**AIM OF THE EXERCISE**
Once the images are set aside, print the remaining lines below exactly.

[PROVIDED MATERIAL]

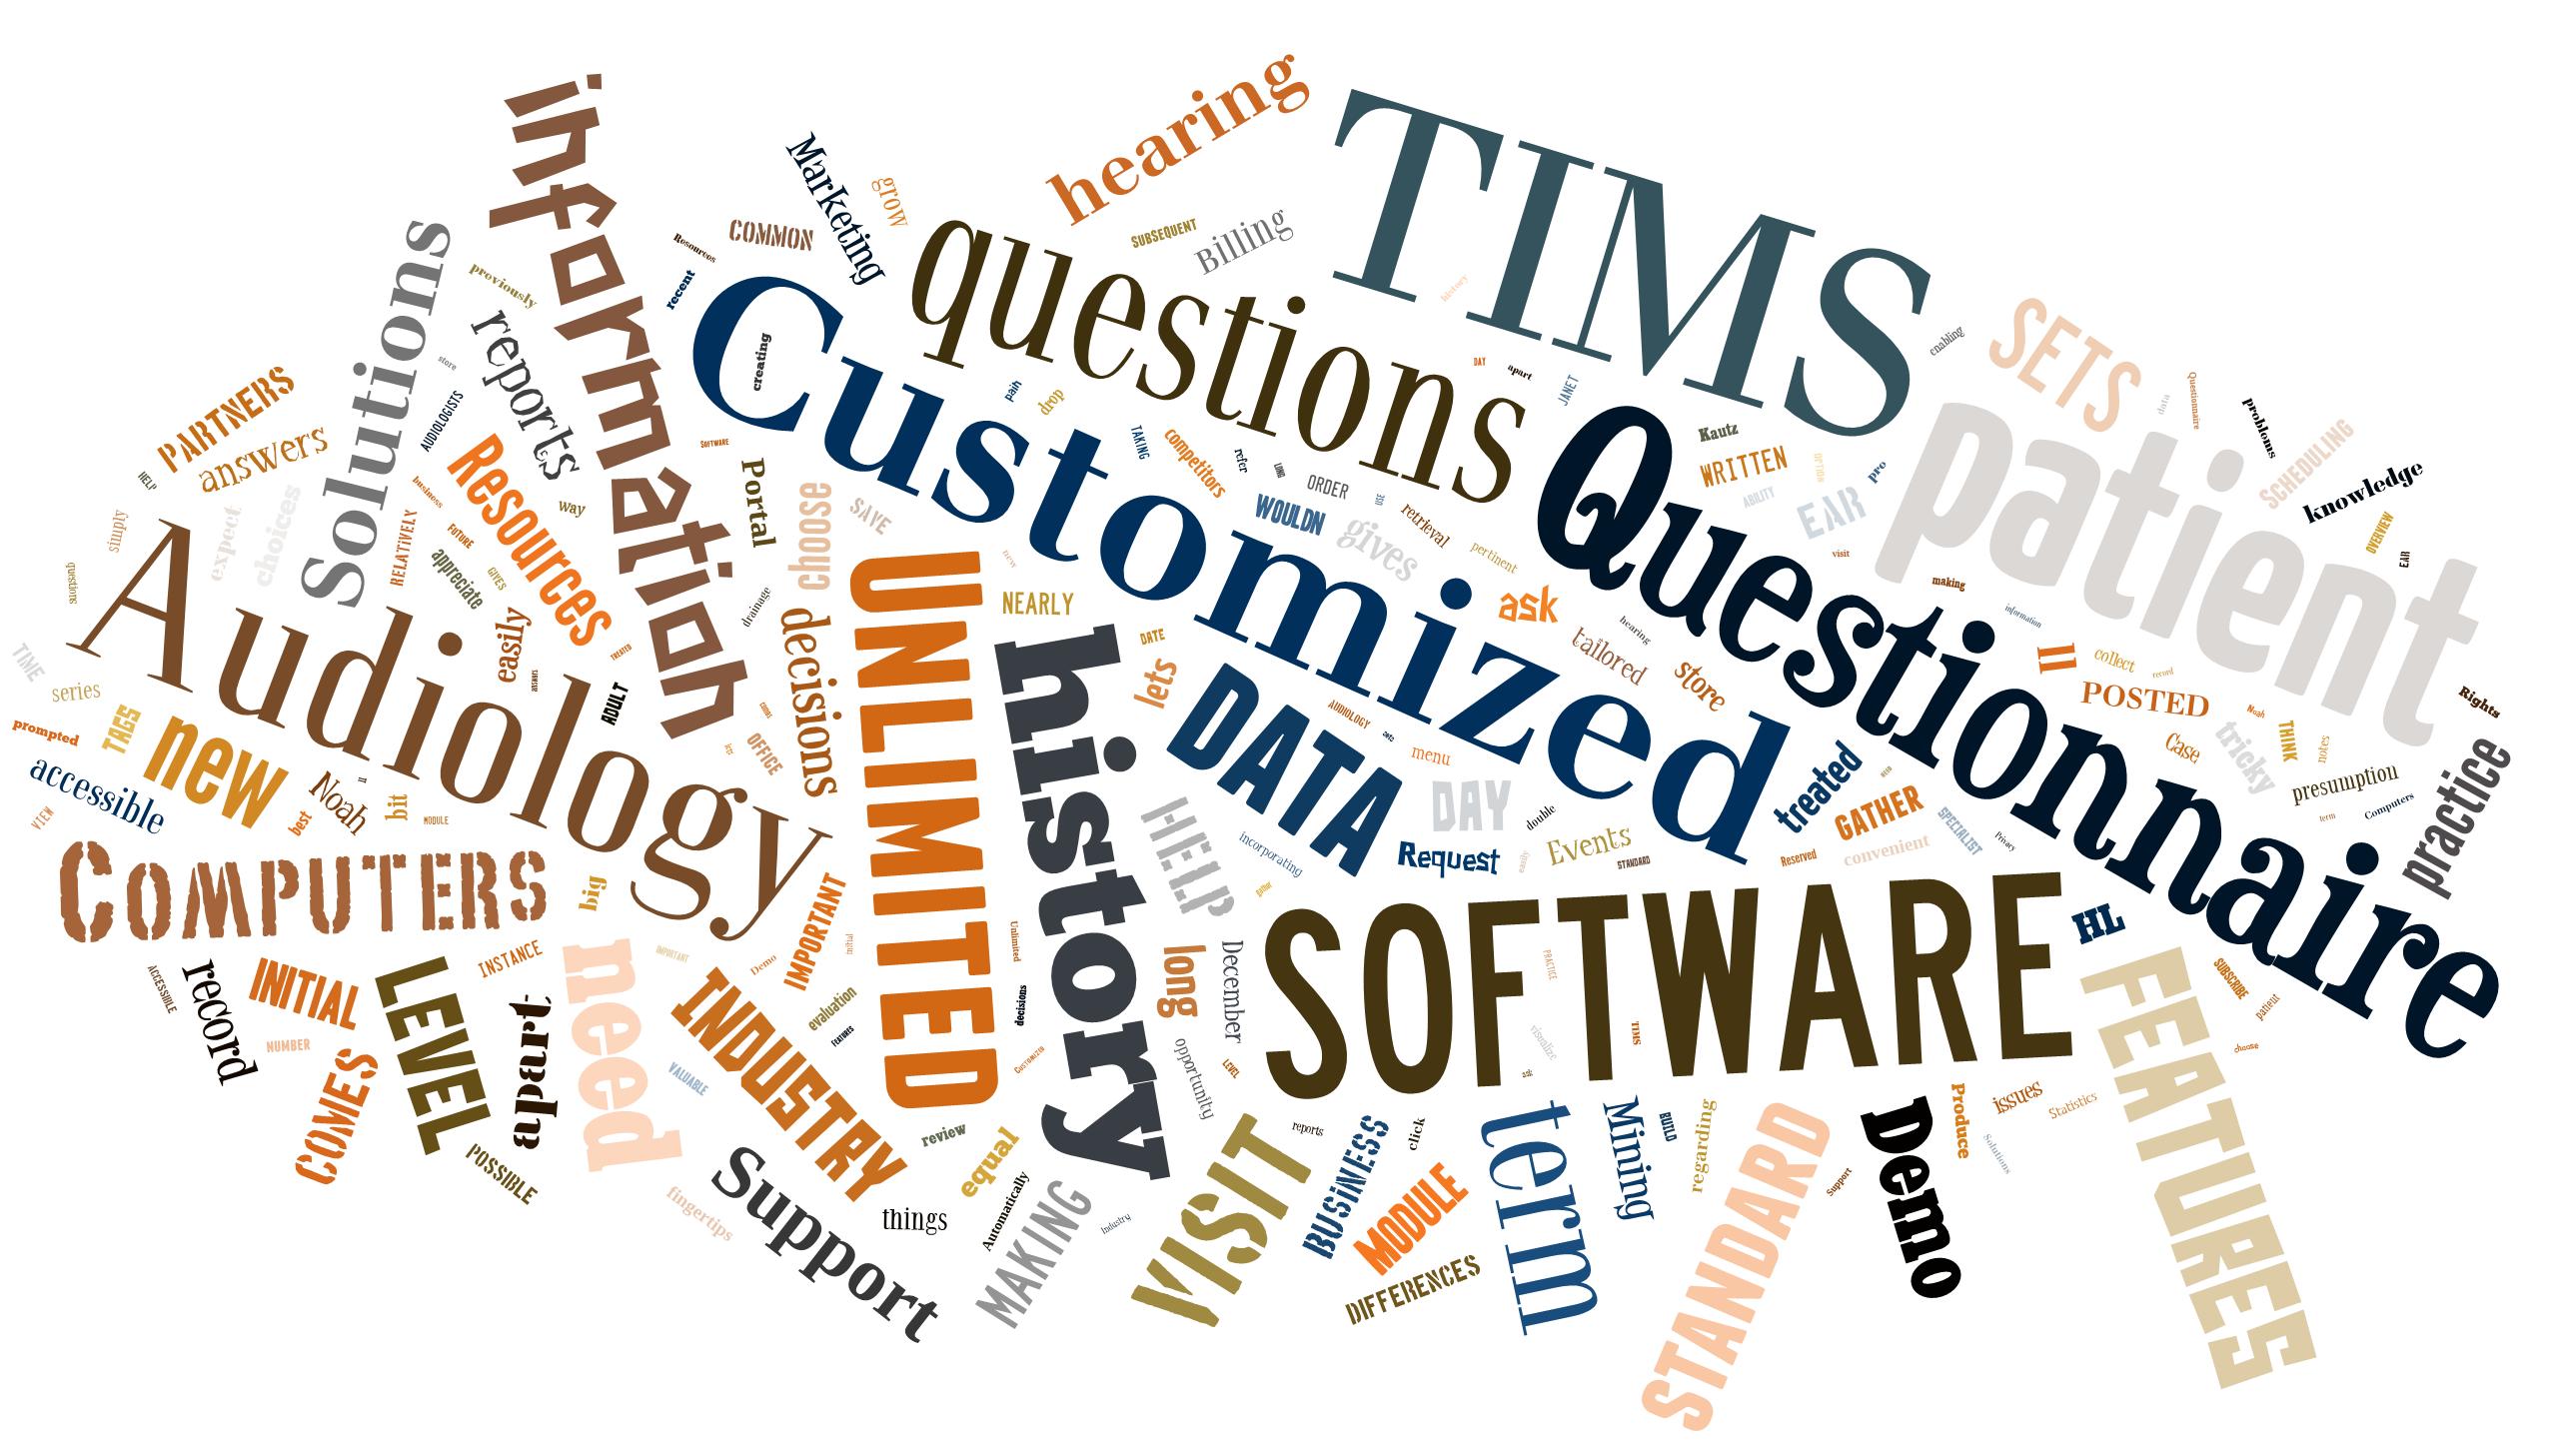 TIMSAudiologyquestionnaireTagCloudBlog
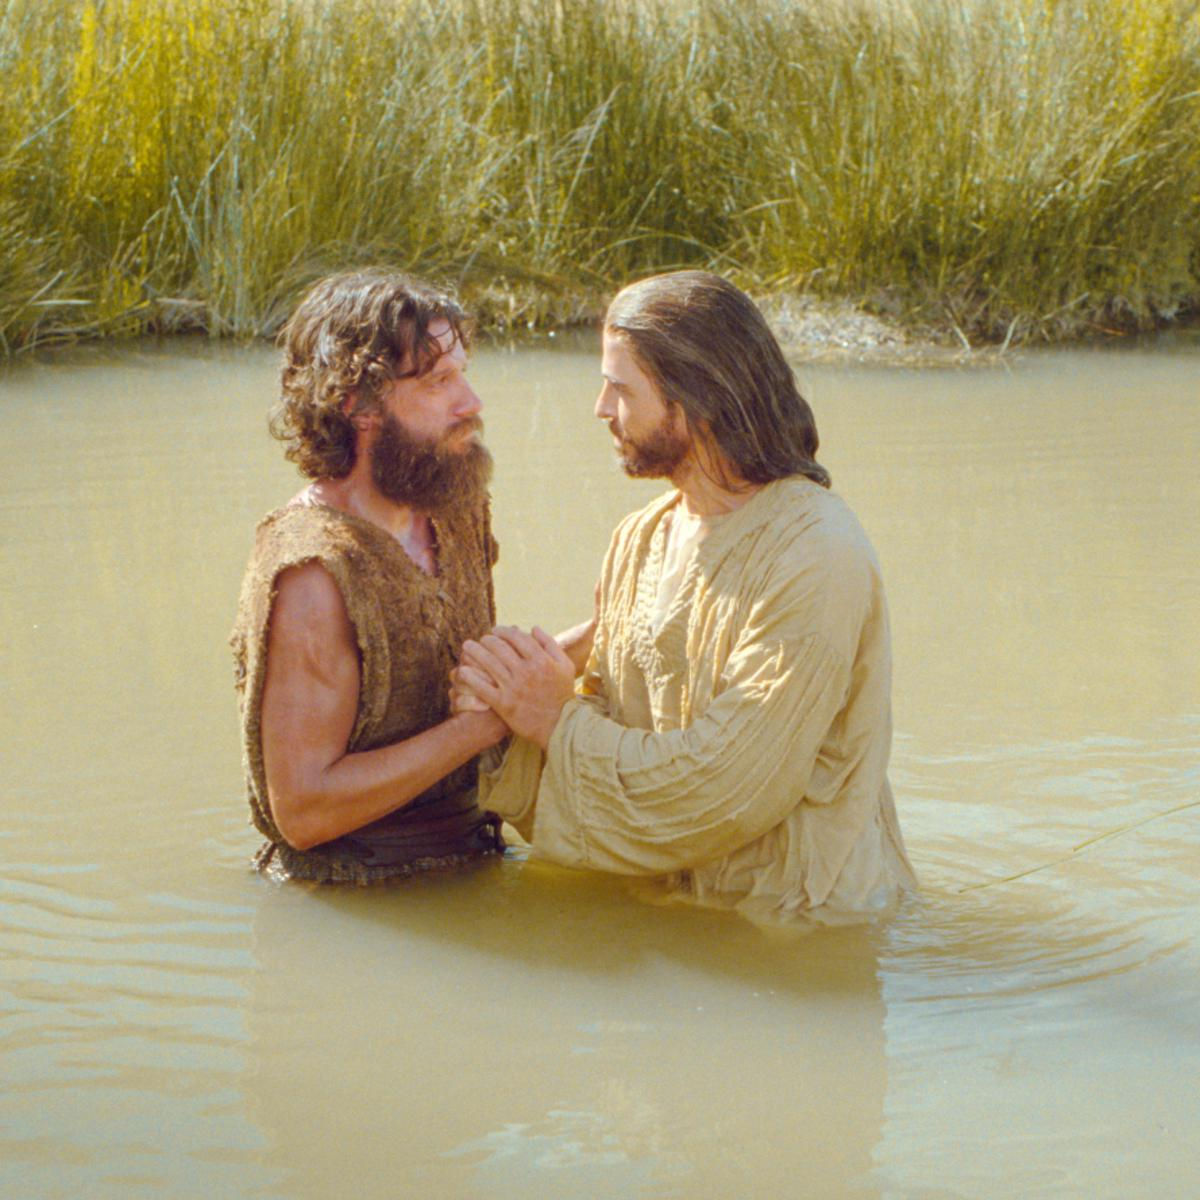 John baptized Jesus Christ
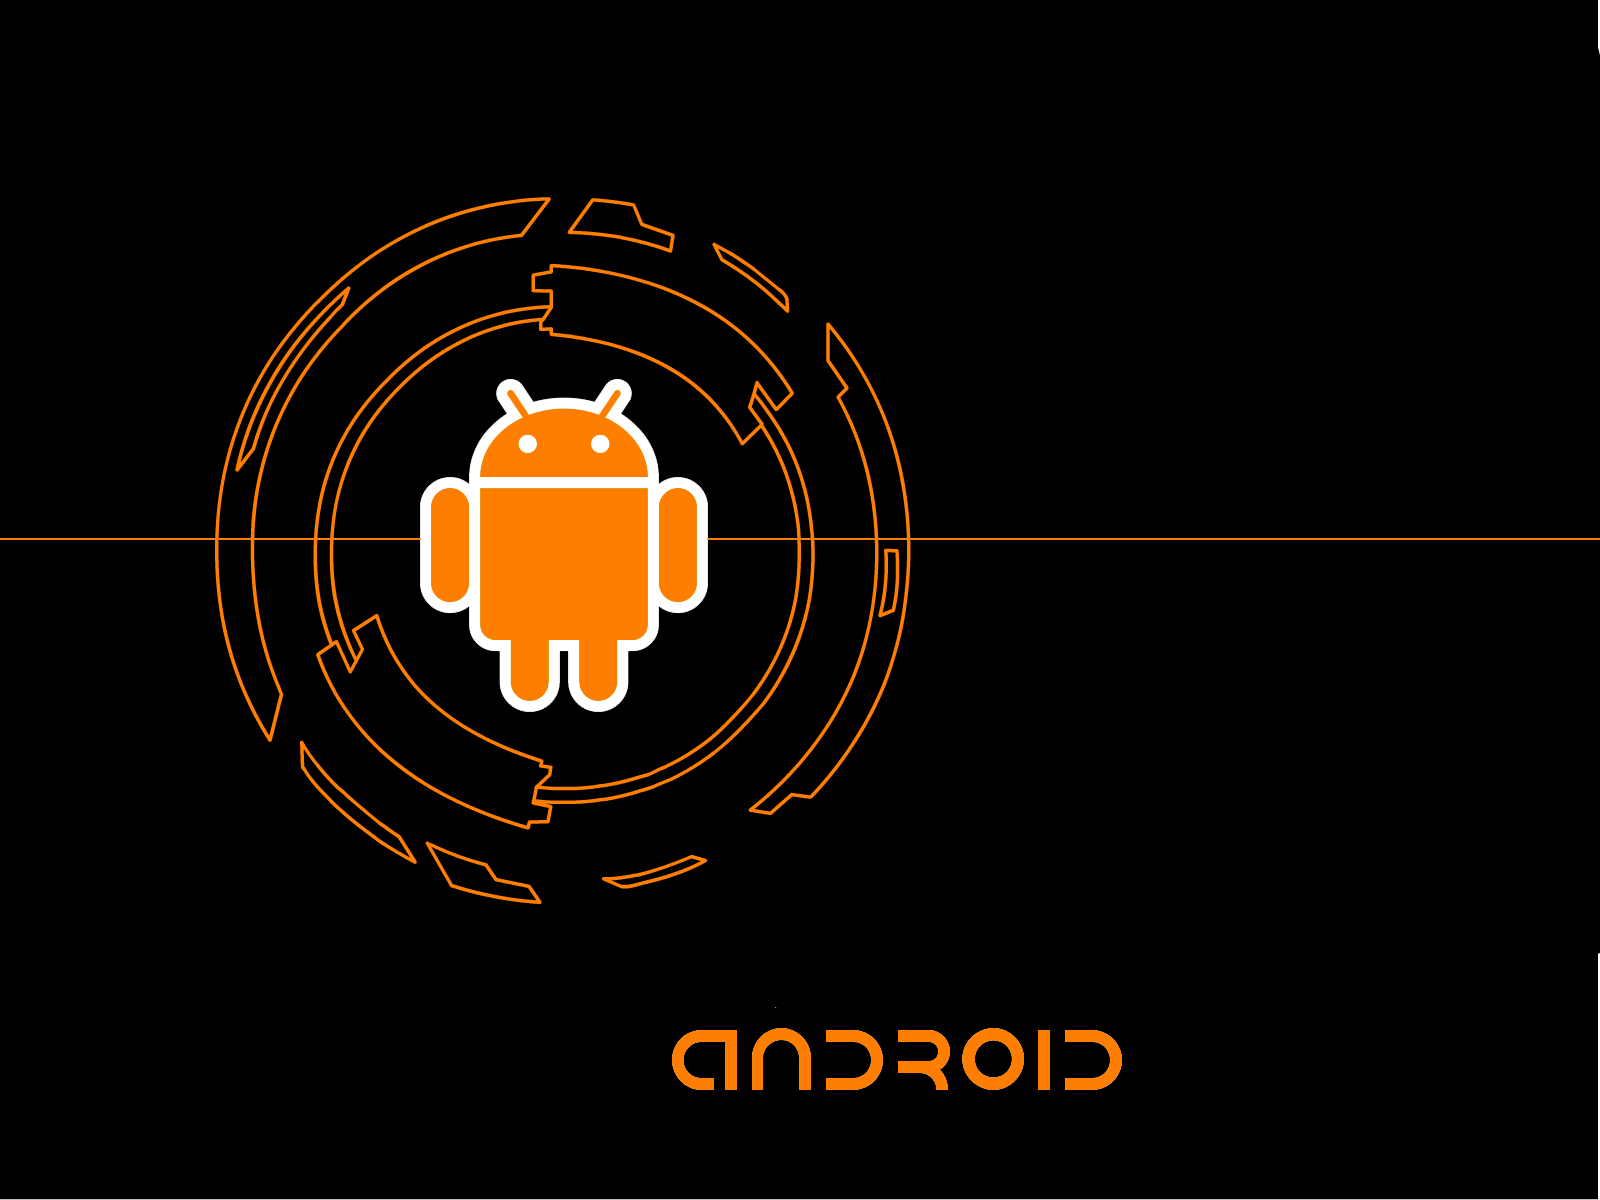 Android desktop wallpaper wallpapersafari android wallpapers free download android wallpapers for pc desktop voltagebd Choice Image
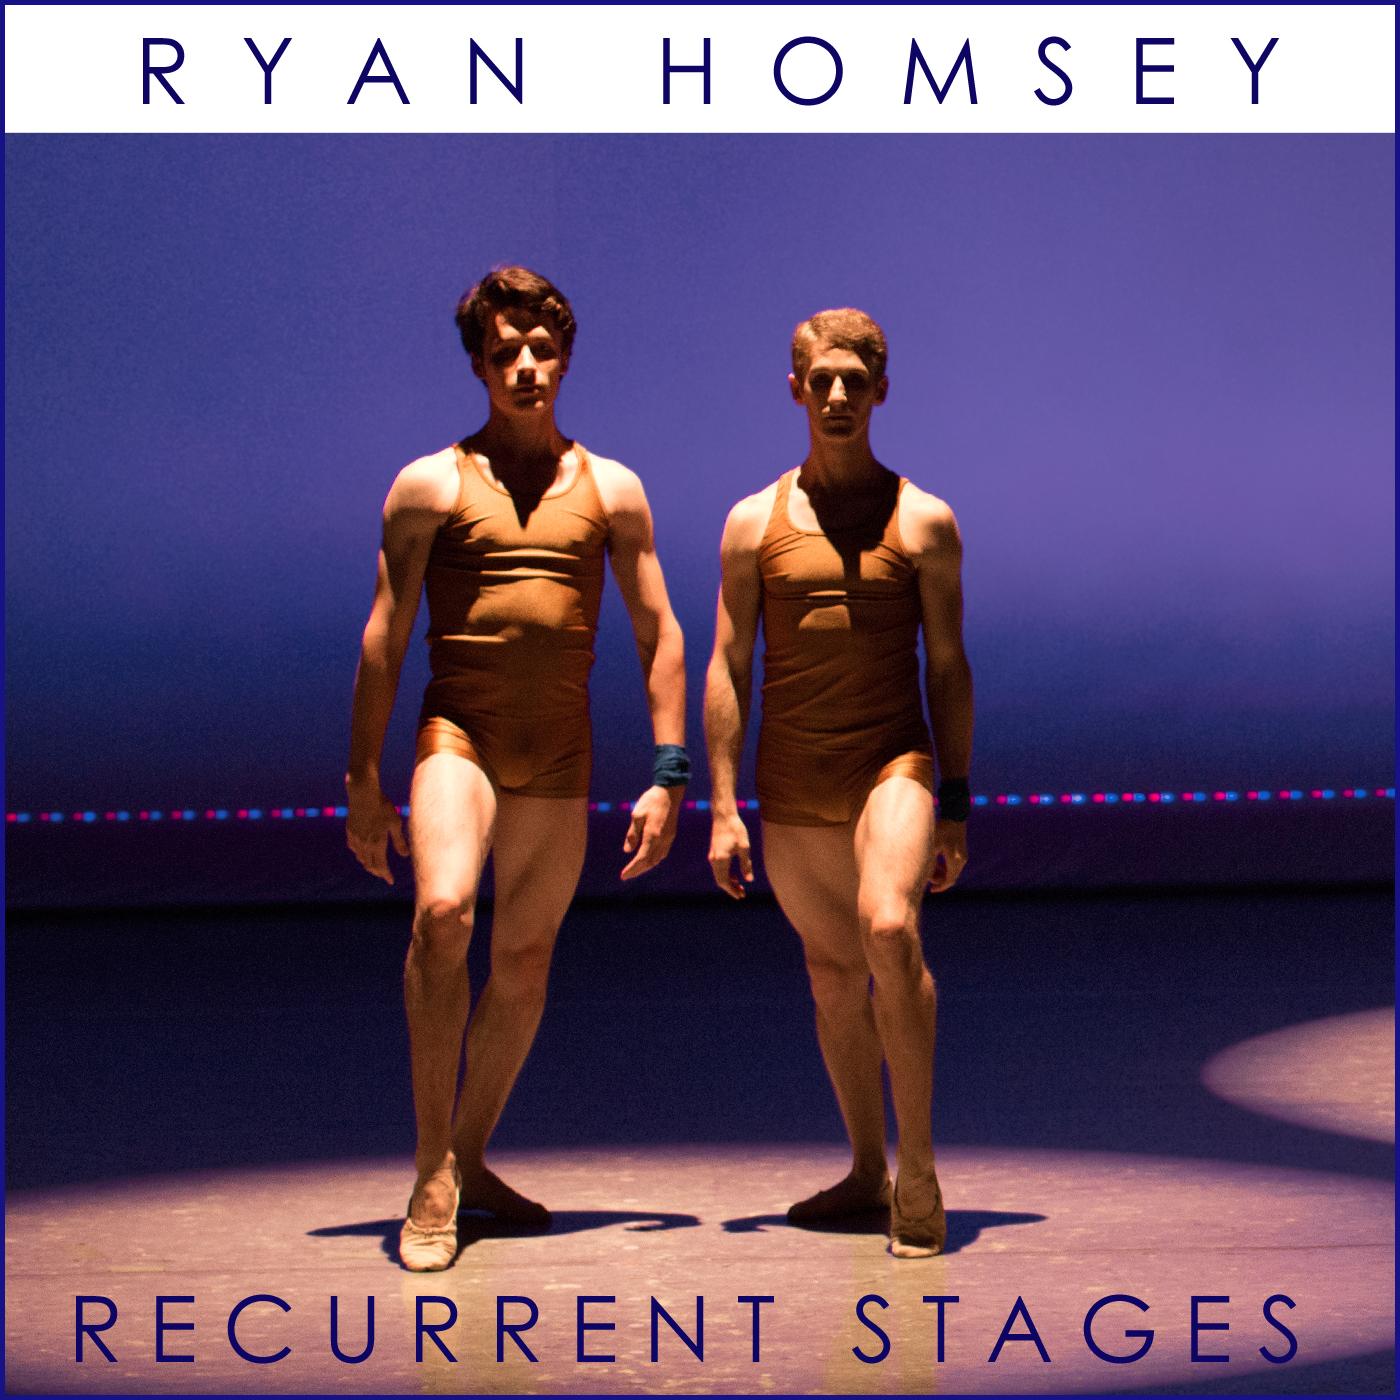 recurrent-stages-album-cover.jpg

[/PROVIDED MATERIAL]

**RESULT BELOW**
 TIMSAudiologyquestionnaireTagCloudBlog
 John baptized Jesus Christ
 Android desktop wallpaper wallpapersafari android wallpapers free download android wallpapers for pc desktop voltagebd Choice Image
 recurrent-stages-album-cover.jpg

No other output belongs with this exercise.